Task to complete:
Below are lines of records; copy exactly those from the one containing "Two Art Deco" through the one containing "Please note that", leaving the pictures behind.

Records to use:
====================

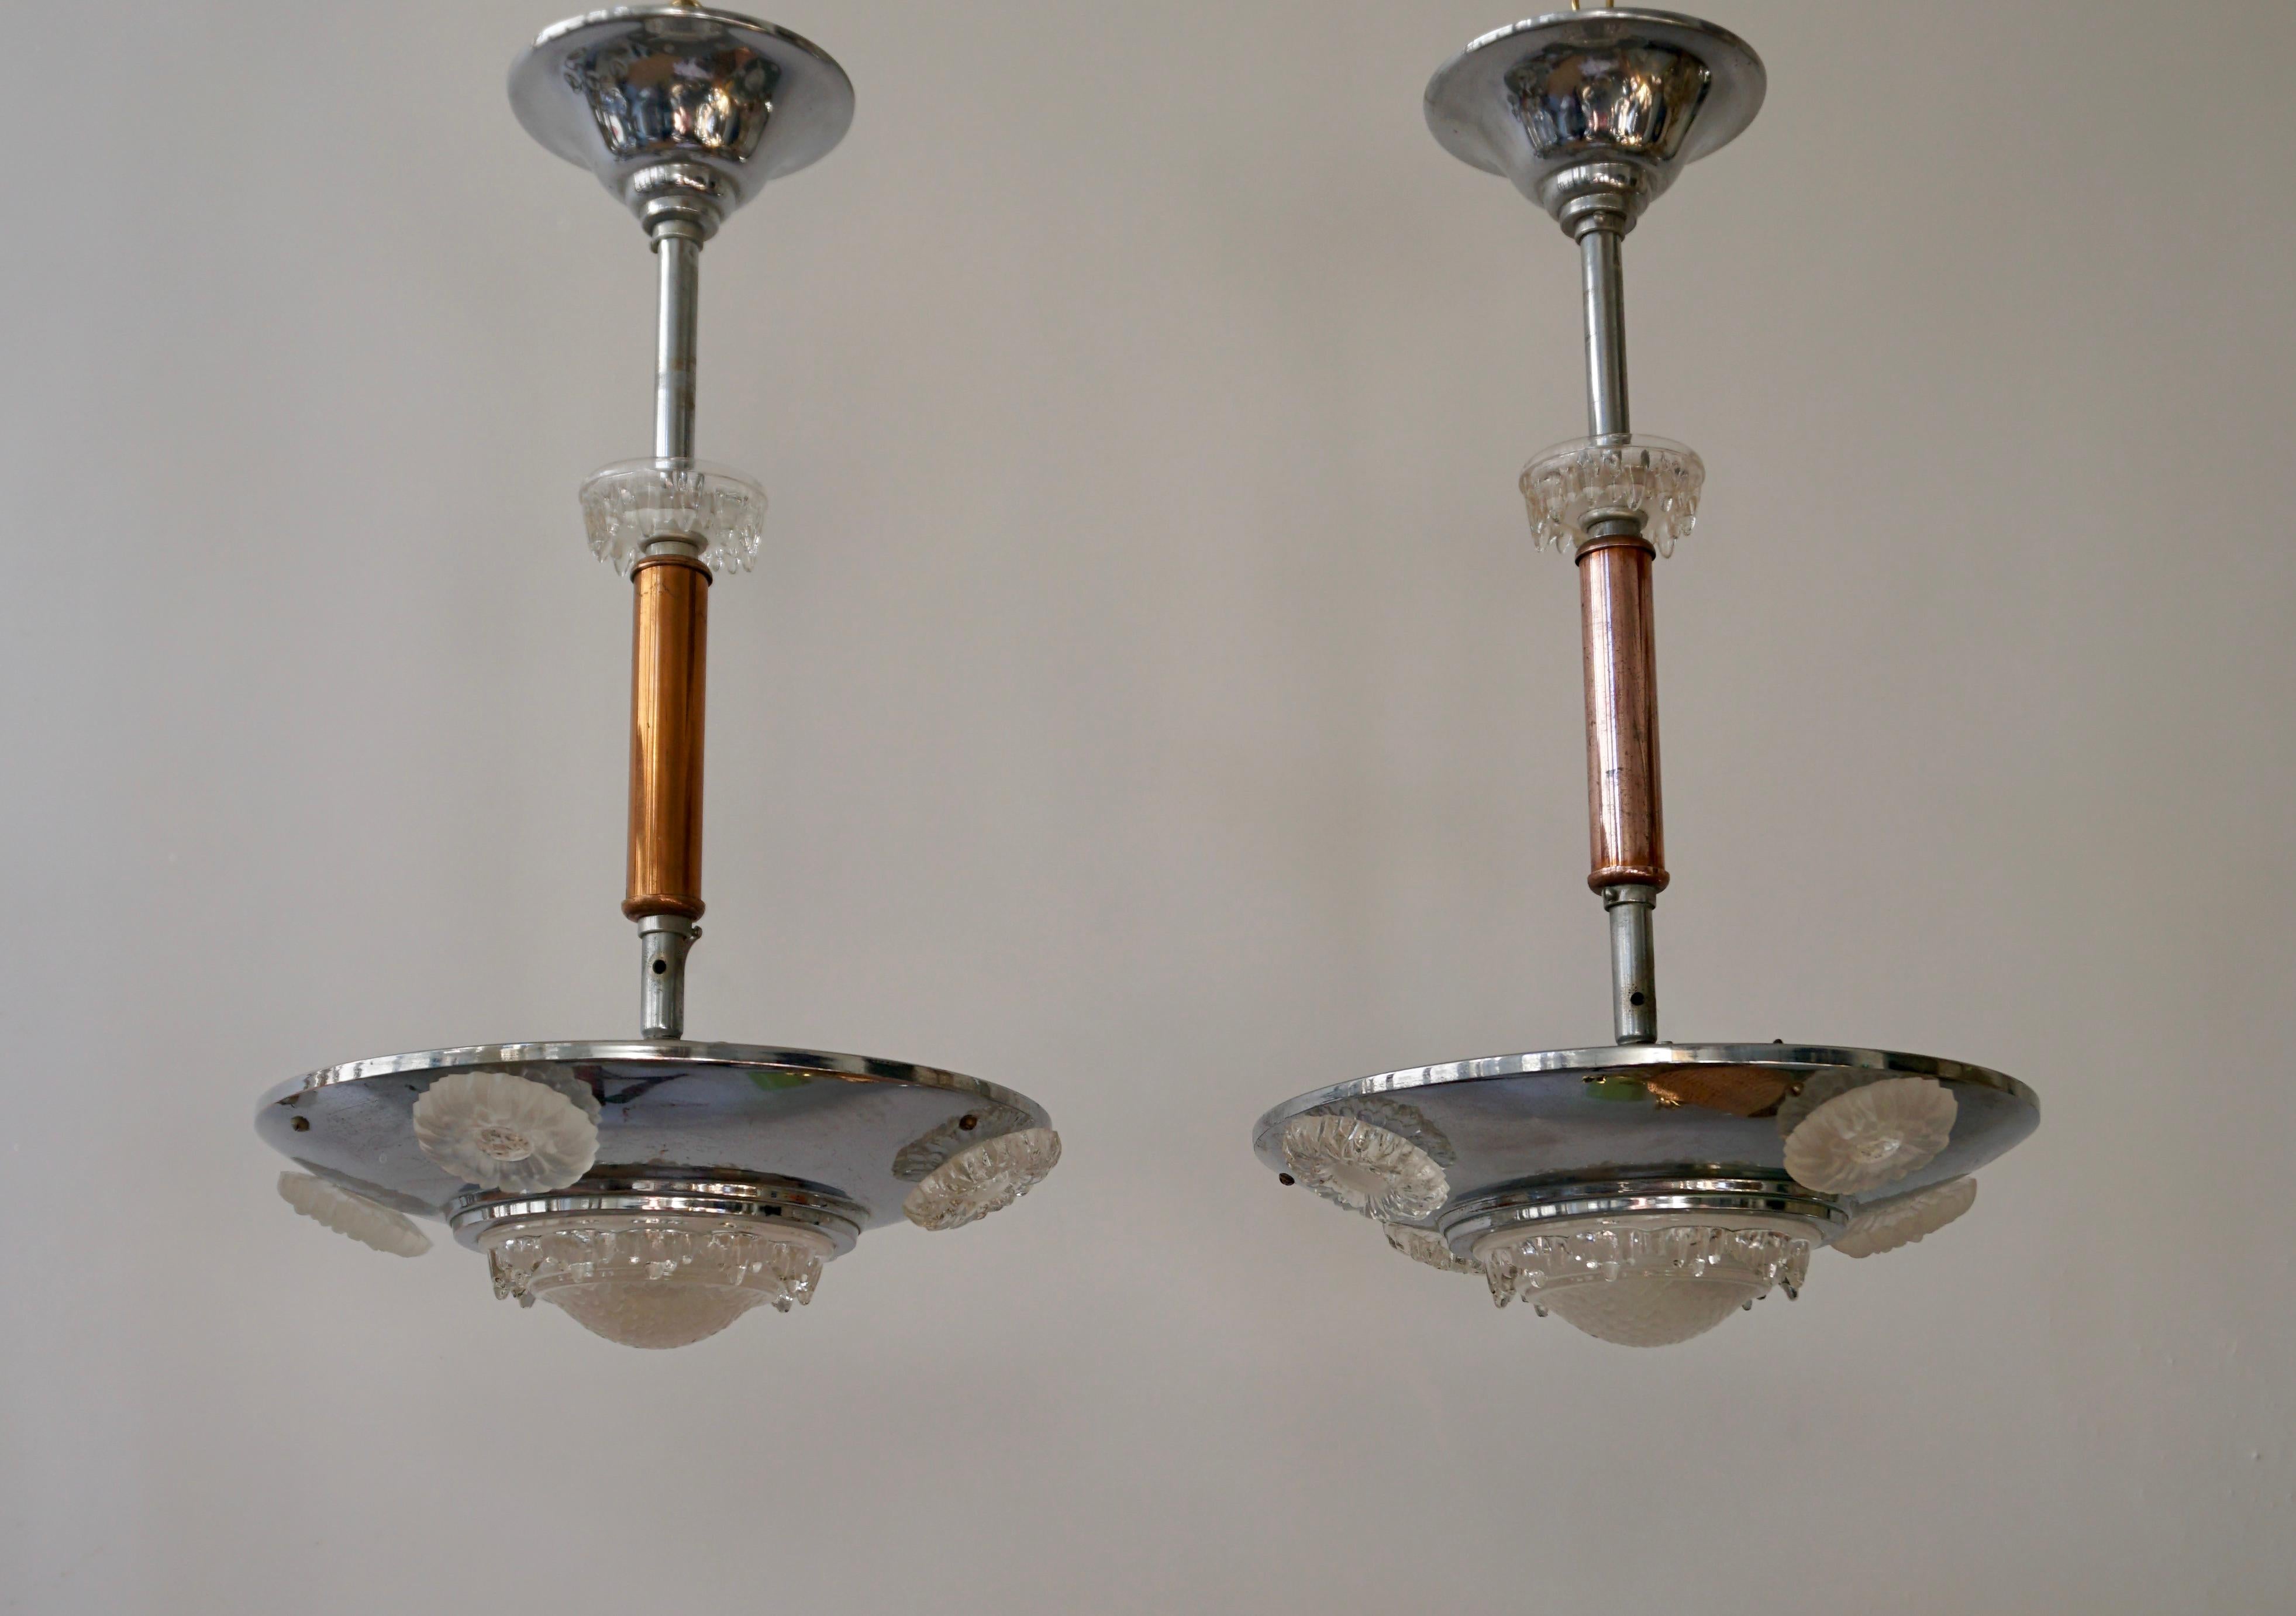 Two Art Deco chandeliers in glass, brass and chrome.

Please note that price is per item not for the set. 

====================

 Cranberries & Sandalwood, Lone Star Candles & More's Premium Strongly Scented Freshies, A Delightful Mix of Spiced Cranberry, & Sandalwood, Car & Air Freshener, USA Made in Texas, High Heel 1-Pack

====================

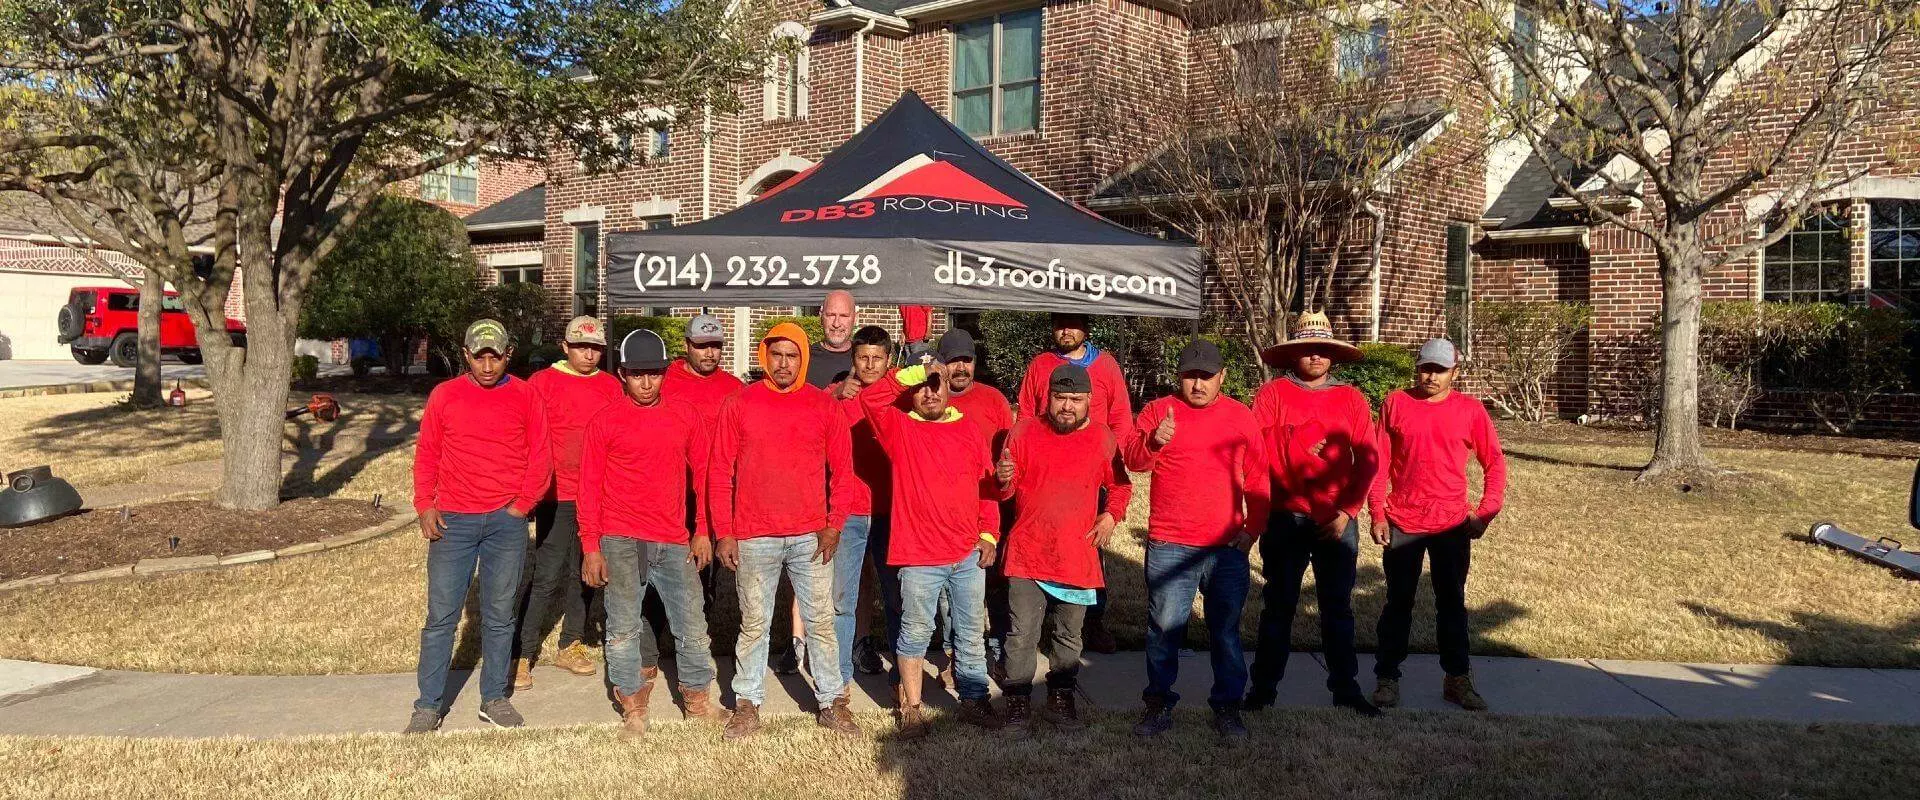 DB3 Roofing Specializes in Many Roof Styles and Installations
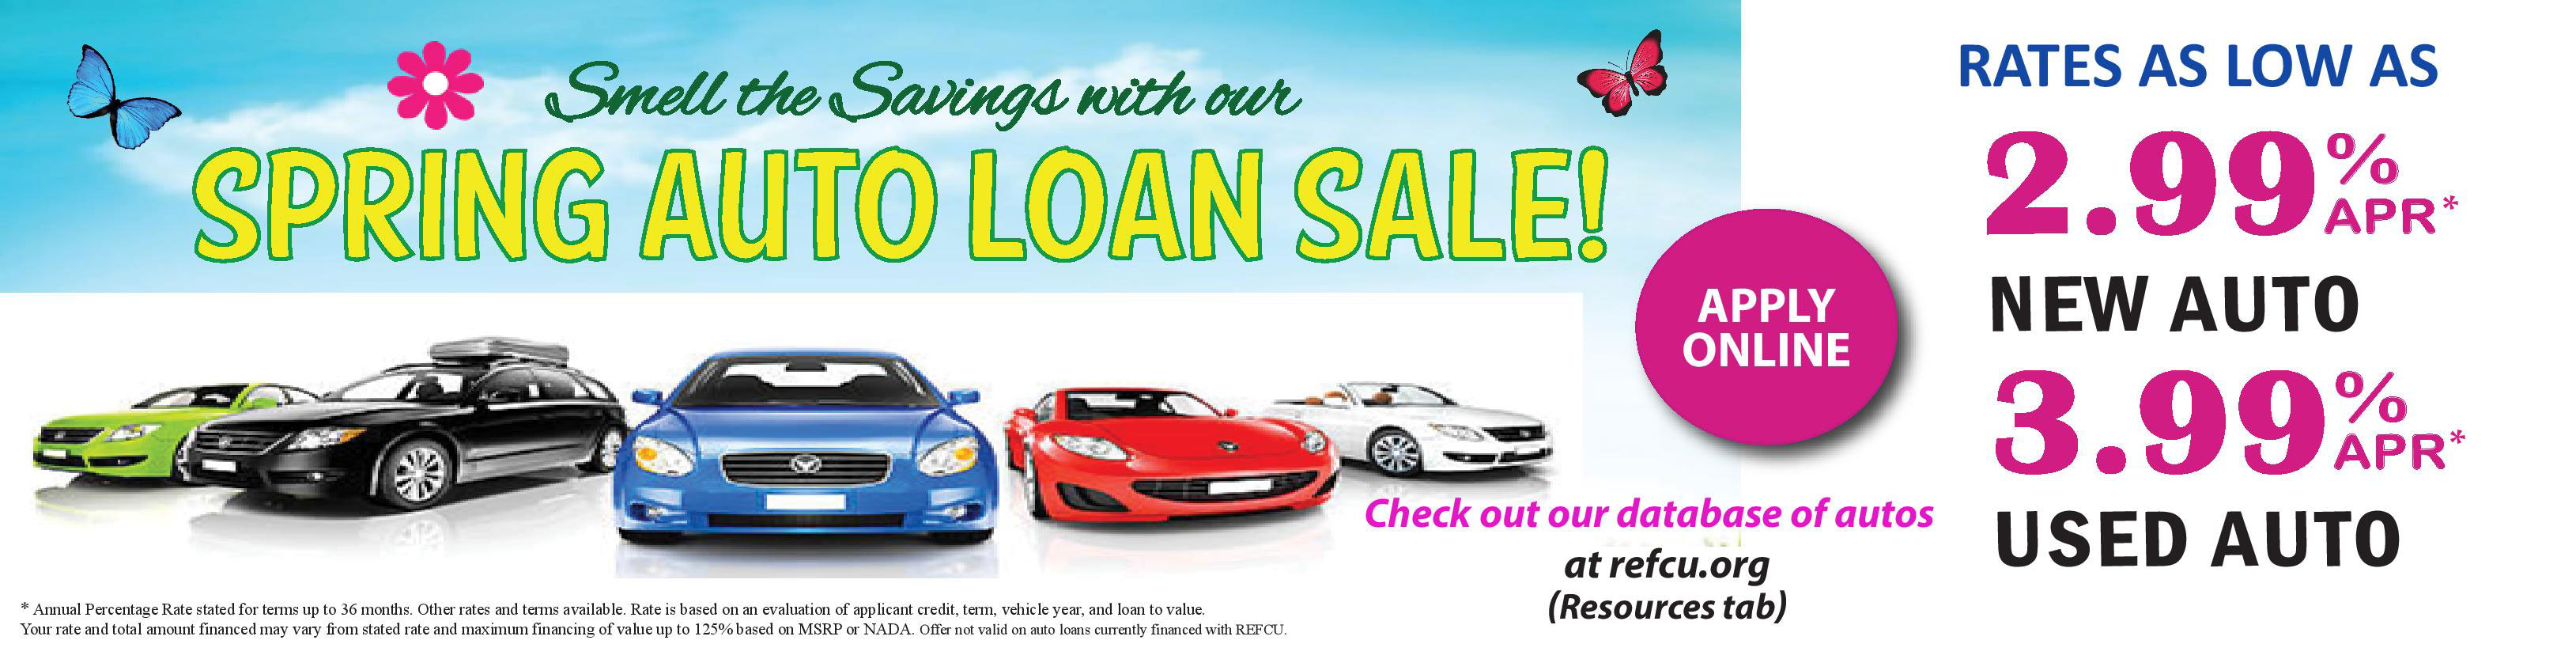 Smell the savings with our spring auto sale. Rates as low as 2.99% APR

====================

Problem solution:
 Two Art Deco chandeliers in glass, brass and chrome.

Please note that price is per item not for the set. 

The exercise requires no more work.